White House senior adviser David Plouffe on Sunday called out CNN host Candy Crowley for making a "false equivalency" by suggesting both Democrats and Republicans had made the same efforts to hold the debt ceiling hostage to push their agenda.
In a preview of President Barack Obama's second inauguration, Crowley asked Plouffe if it was necessary for the president to engage the American people in political debates by arguing that an "evil motivation" was driving Republicans.
"It's hard to see a president calling for unity when he is suggesting that people who disagree with him don't disagree with him on policy, but disagree with him because they care more about the NRA or they don't care -- in the case of the debt ceiling -- whether the country falls into recession again," Crowley charged.
"Well, on the debt ceiling, it's the truth," Plouffe pointed out. "Think about this, Candy. For the first time in our country's history..."
"Just reminding people that the president himself, when he was in the Senate, voted against the debt ceiling," Crowley interrupted. "So these people that he's suggesting want the country to go into default are doing the same thing he did when he was a senator."

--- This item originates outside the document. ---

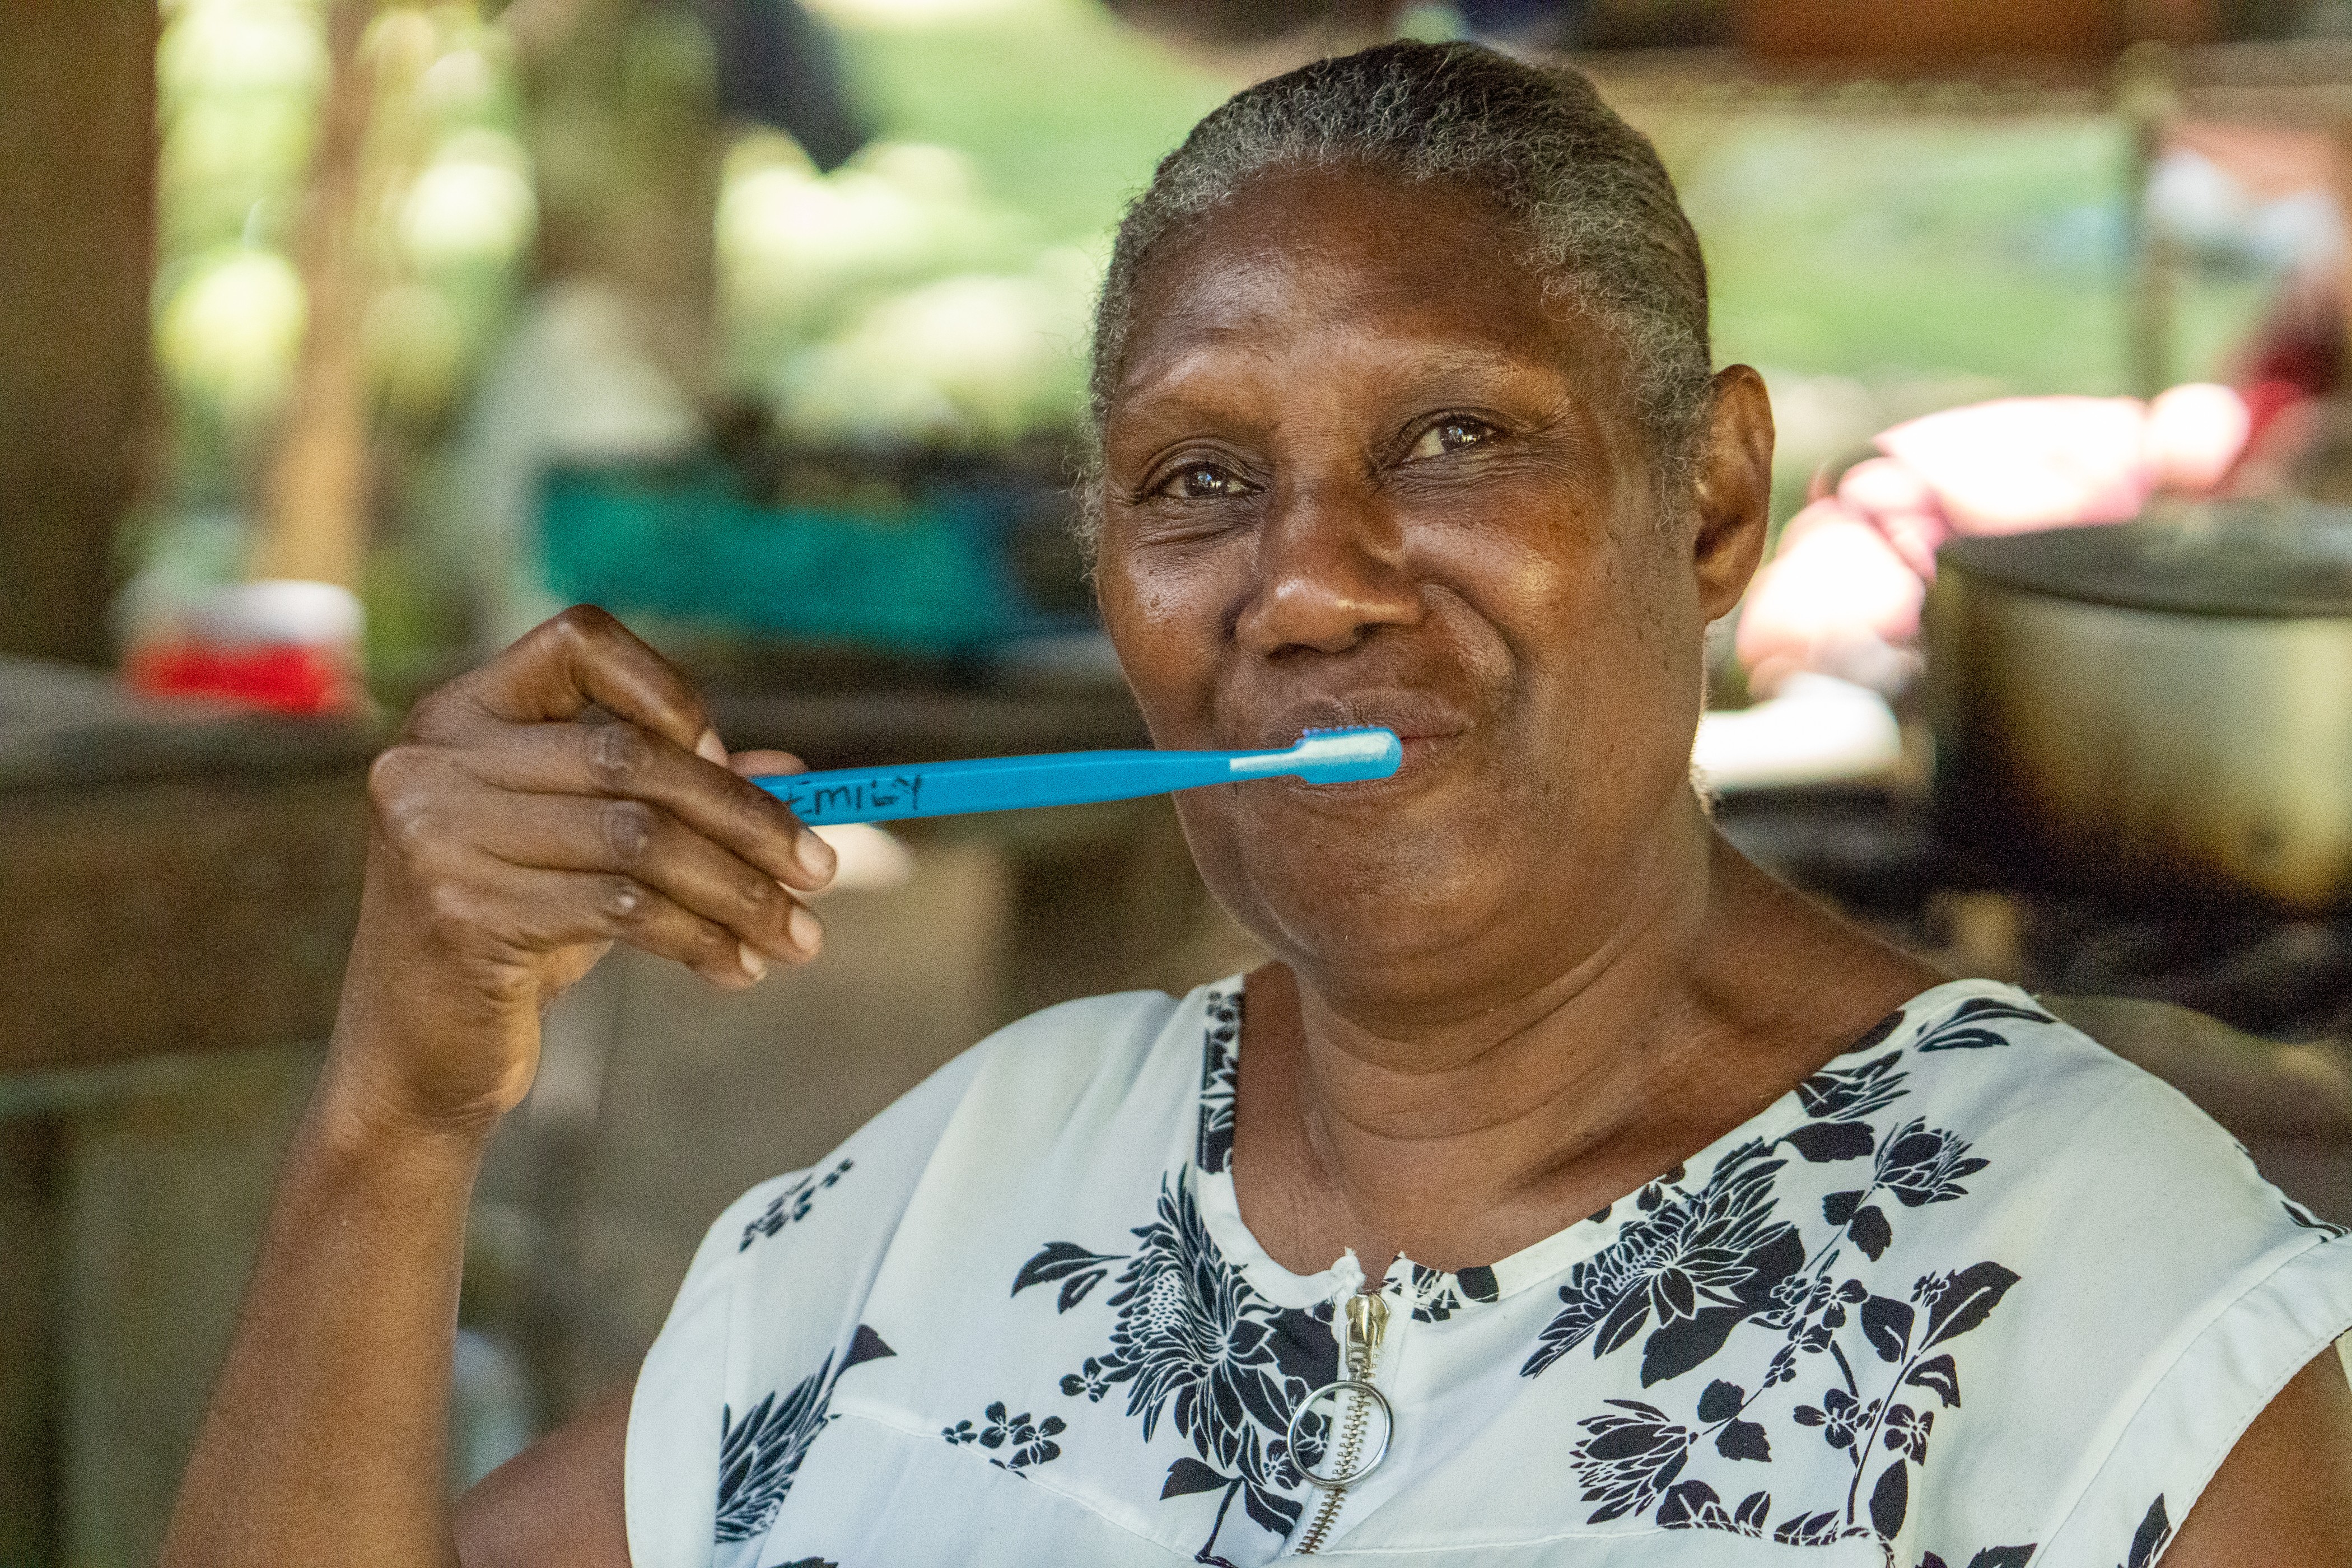 Improving oral health and well-being in Vanuatu  through the community promotion of toothbrushing  with fluoride toothpaste and healthier food choices

"No," Plouffe replied sternly. "He did vote against it, he's spoken to that. That's a political vote and he's learned from that. But at the time, Congress wasn't threatening to say we're not going to pay our bills unless we get what we want -- deeper cuts in Medicare than are required -- or we're going to tank the economy."
"I mean, this false equivalence needs to stop," he added. "The barrier to progress here is not the president. We need more Republicans in Congress to think like Republicans in the country who are seeking compromise who are seeking balance because we are poised here to really grow."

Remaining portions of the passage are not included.